Exercise objective
Please show every line in the entries below that includes the word "Картинки".

Provided data
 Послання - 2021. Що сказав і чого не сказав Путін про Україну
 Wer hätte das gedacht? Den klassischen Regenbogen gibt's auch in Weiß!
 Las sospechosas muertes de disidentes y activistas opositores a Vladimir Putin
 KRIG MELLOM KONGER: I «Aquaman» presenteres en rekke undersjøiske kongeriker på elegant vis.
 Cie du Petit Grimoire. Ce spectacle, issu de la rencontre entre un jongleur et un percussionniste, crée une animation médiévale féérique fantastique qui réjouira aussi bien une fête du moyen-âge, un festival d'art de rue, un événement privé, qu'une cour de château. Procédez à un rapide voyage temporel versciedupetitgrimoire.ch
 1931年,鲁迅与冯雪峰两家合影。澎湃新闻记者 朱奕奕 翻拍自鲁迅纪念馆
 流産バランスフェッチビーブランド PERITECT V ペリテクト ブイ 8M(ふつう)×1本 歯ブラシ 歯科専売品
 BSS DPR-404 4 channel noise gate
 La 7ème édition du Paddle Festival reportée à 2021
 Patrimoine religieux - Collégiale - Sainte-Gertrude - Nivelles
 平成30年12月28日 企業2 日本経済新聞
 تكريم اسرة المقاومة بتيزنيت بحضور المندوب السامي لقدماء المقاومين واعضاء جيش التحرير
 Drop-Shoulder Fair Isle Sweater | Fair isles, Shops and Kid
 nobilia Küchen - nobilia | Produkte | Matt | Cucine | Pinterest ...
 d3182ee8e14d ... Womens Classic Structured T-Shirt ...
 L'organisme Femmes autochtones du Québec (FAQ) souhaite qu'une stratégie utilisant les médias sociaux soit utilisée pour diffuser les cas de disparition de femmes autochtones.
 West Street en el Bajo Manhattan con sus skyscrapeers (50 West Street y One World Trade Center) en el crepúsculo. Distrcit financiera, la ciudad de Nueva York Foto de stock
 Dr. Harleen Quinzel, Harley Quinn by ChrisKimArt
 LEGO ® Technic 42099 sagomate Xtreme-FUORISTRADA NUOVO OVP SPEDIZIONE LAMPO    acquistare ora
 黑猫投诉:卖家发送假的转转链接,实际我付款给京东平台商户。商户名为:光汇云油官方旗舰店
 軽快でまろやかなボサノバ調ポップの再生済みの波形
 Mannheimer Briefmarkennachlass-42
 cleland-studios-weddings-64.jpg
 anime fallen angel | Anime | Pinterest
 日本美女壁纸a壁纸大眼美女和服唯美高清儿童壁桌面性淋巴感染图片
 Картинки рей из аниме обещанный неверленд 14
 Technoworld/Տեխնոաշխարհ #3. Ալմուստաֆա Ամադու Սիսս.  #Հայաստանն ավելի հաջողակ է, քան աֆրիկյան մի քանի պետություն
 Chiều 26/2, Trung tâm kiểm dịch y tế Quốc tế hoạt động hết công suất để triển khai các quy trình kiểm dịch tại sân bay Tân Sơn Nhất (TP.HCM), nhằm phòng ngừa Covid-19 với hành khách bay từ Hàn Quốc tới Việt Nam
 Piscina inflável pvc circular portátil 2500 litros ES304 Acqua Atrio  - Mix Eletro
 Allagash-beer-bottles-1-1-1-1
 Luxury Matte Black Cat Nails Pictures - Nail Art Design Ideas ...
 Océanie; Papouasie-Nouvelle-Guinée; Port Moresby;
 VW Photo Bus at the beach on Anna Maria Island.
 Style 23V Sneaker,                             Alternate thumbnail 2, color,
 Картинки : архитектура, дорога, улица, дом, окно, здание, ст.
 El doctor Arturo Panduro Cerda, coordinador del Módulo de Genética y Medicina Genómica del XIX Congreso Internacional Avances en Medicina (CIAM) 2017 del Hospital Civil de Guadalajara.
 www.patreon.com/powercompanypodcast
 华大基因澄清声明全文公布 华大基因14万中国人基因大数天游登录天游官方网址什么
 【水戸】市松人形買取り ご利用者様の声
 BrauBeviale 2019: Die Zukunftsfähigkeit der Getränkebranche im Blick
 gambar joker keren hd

Exercise output
 Картинки рей из аниме обещанный неверленд 14
 Картинки : архитектура, дорога, улица, дом, окно, здание, ст.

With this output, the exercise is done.